→ COLLECTED MATERIAL:
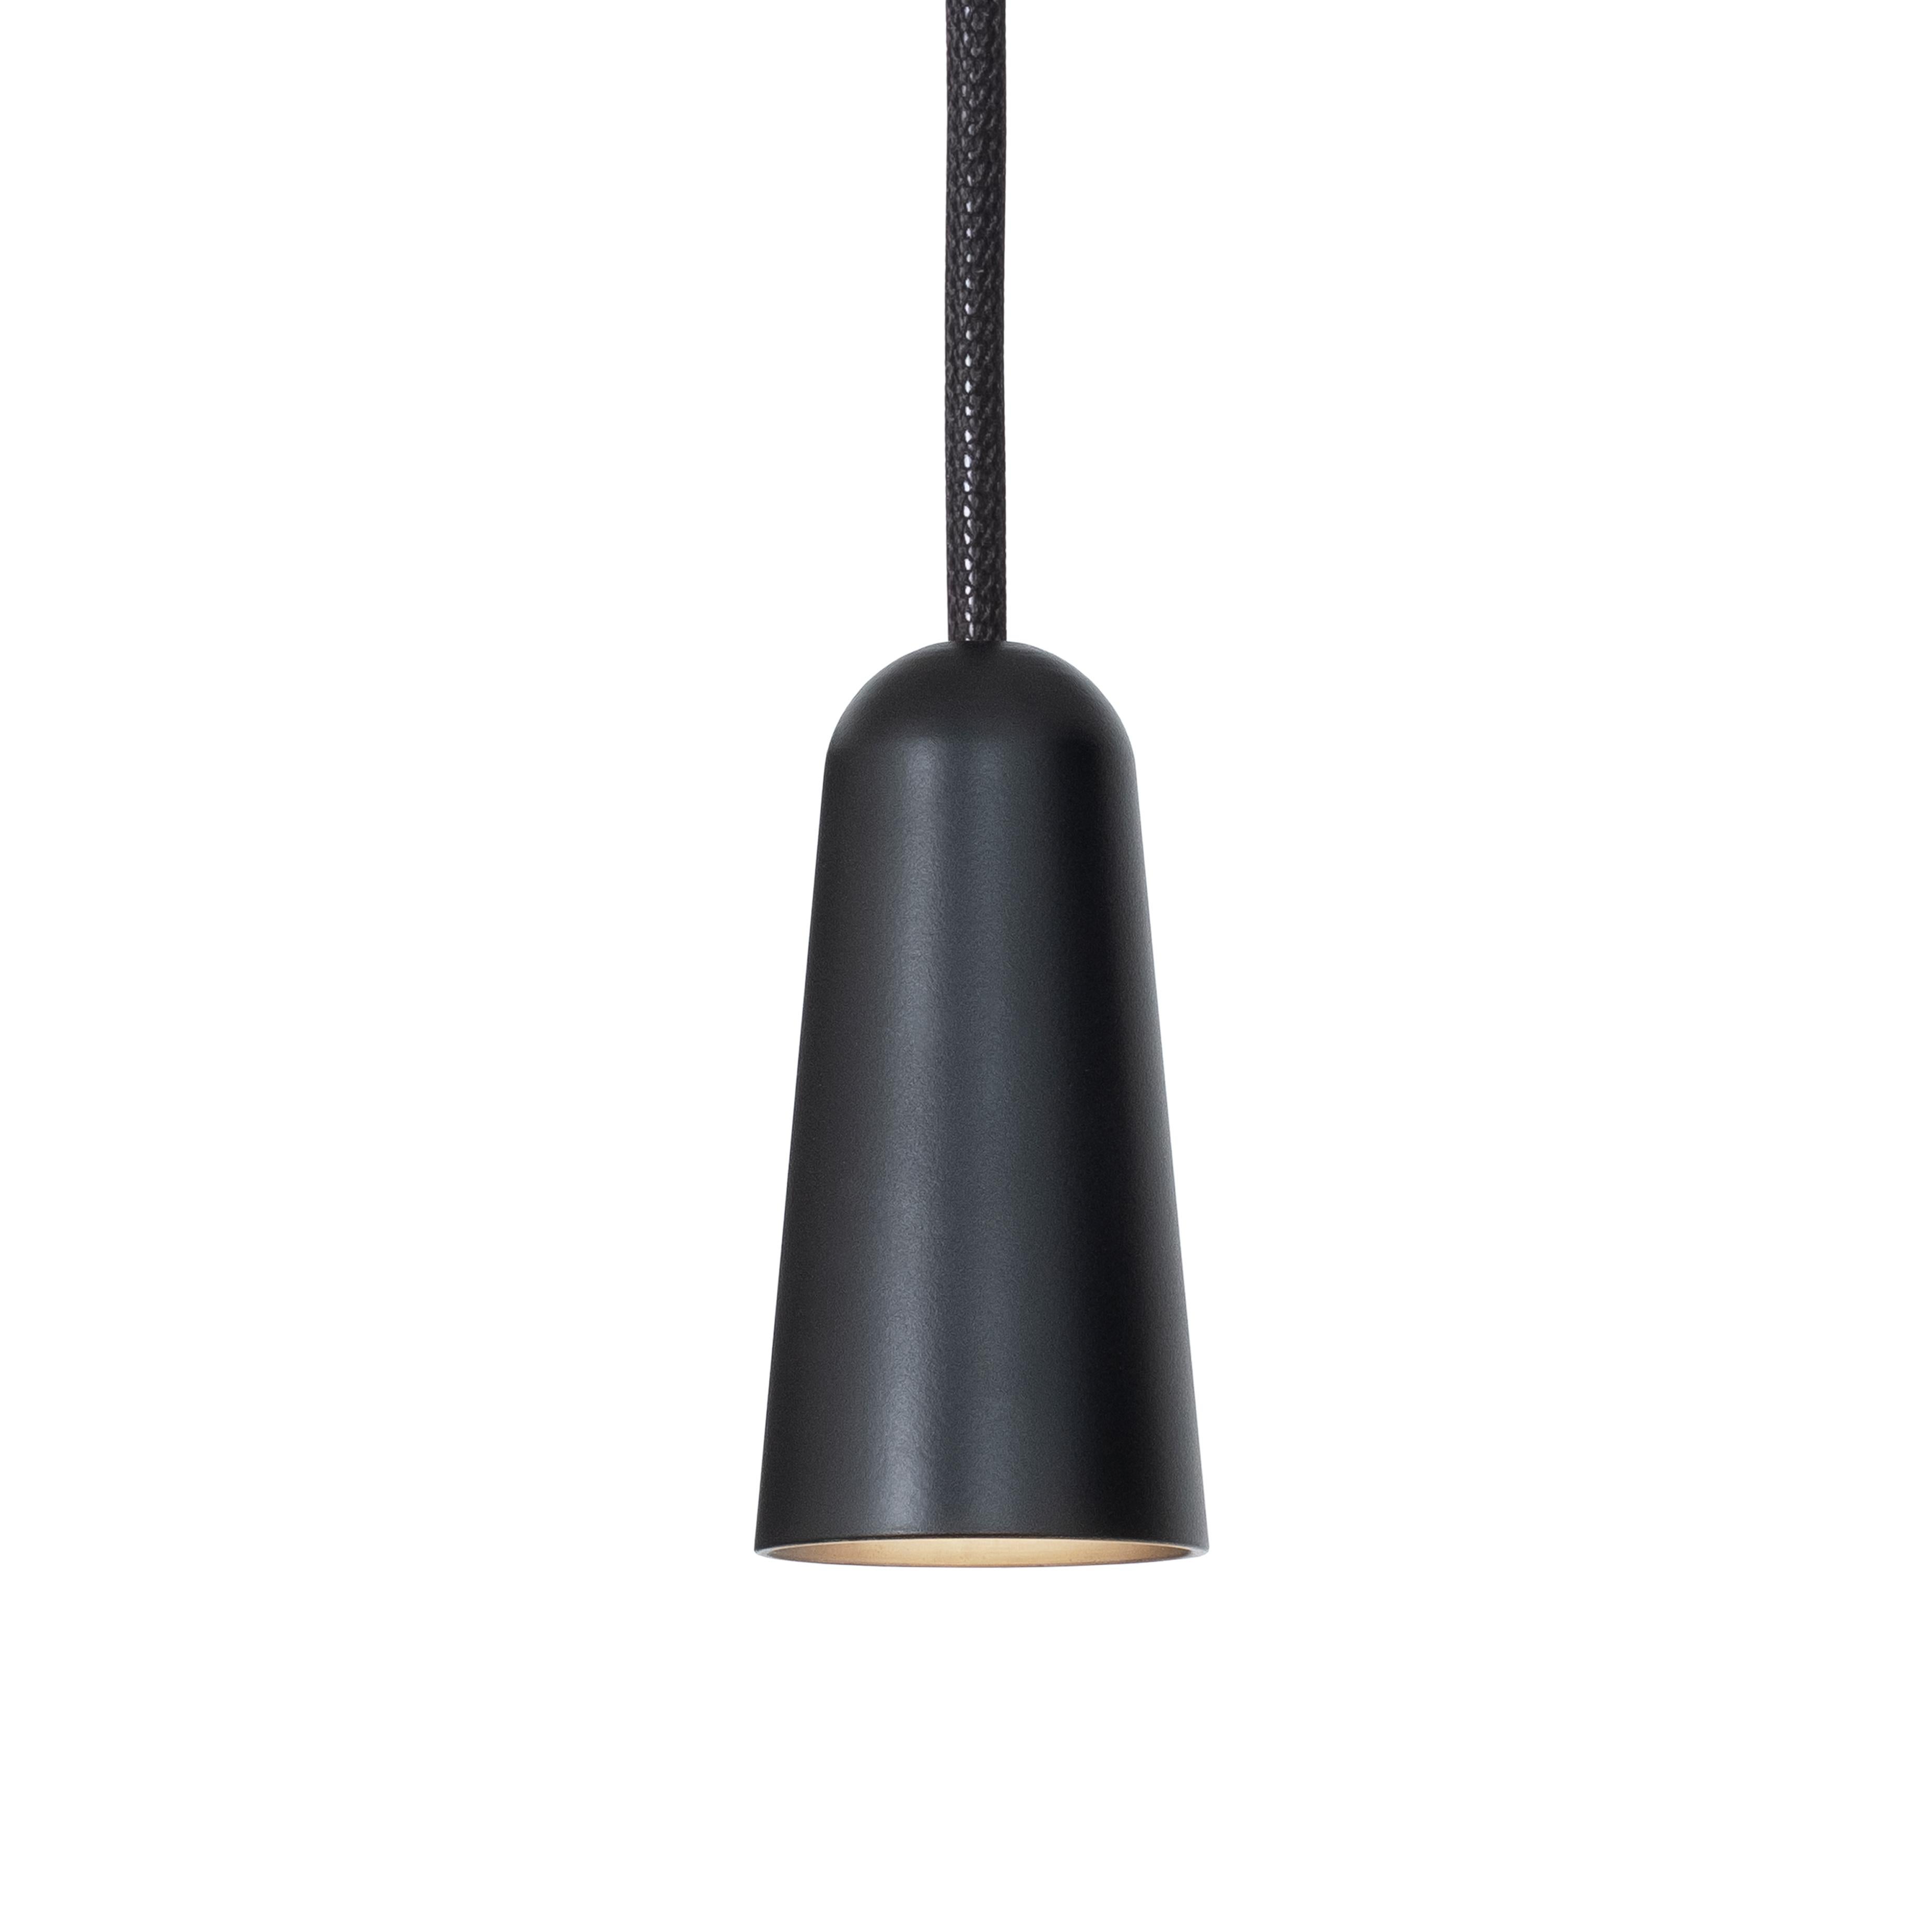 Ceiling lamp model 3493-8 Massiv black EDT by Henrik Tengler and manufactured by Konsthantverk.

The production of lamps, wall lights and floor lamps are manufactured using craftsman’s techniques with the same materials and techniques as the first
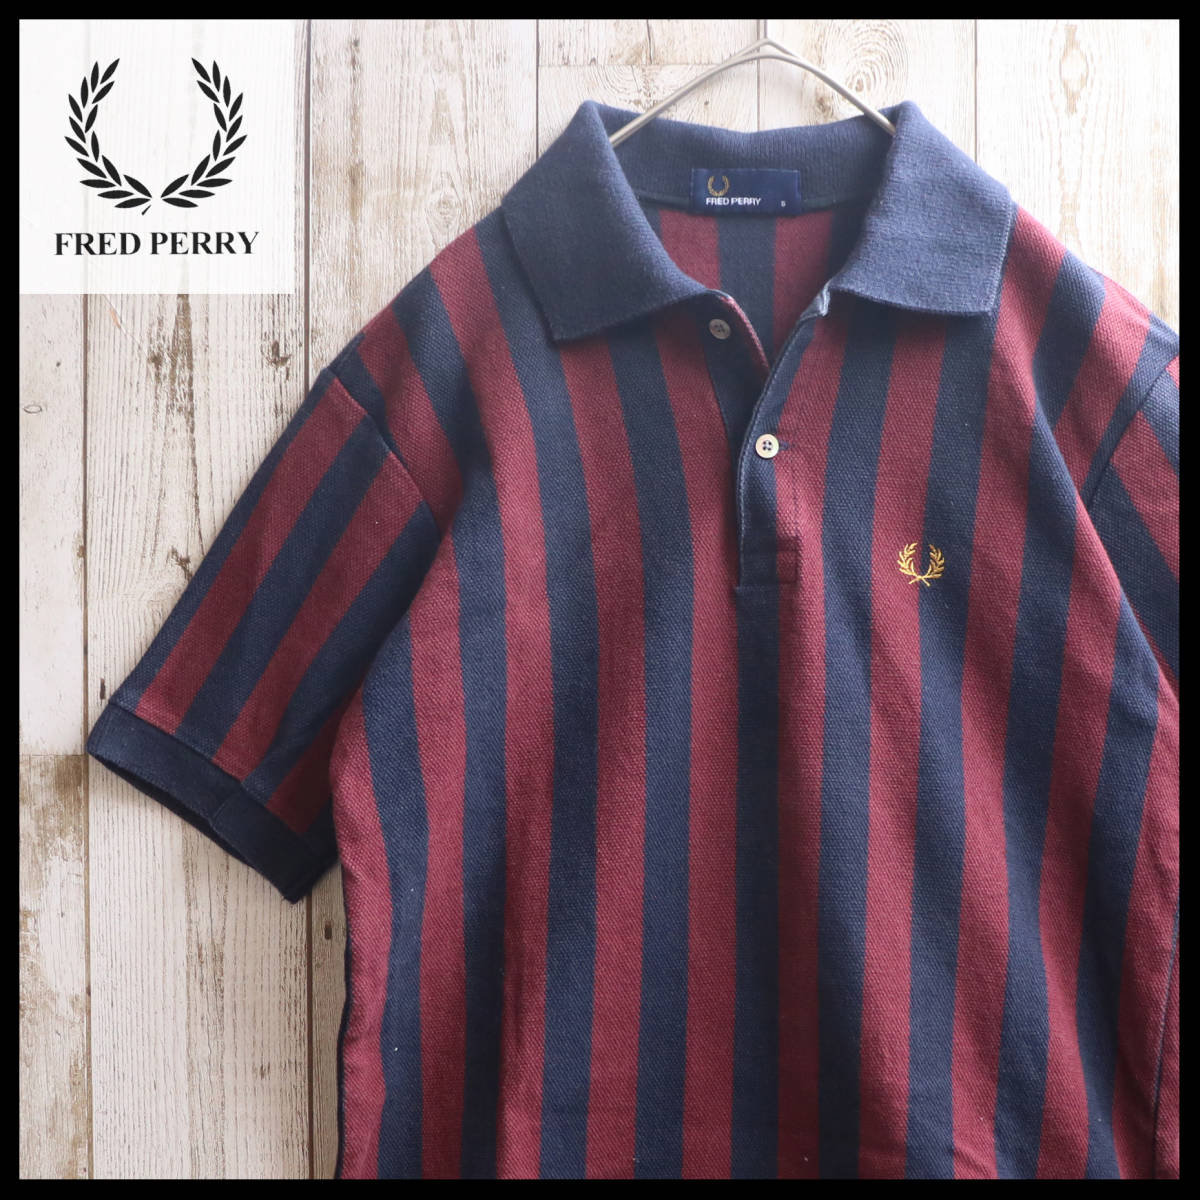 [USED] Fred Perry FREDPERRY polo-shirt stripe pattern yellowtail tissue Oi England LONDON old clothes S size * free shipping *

→ WHAT YOU WILL DO:
Once the pictures are set aside, please reproduce the remaining material word for word.

→ YOUR SOLUTION:
 Ceiling lamp model 3493-8 Massiv black EDT by Henrik Tengler and manufactured by Konsthantverk.

The production of lamps, wall lights and floor lamps are manufactured using craftsman’s techniques with the same materials and techniques as the first
 [USED] Fred Perry FREDPERRY polo-shirt stripe pattern yellowtail tissue Oi England LONDON old clothes S size * free shipping *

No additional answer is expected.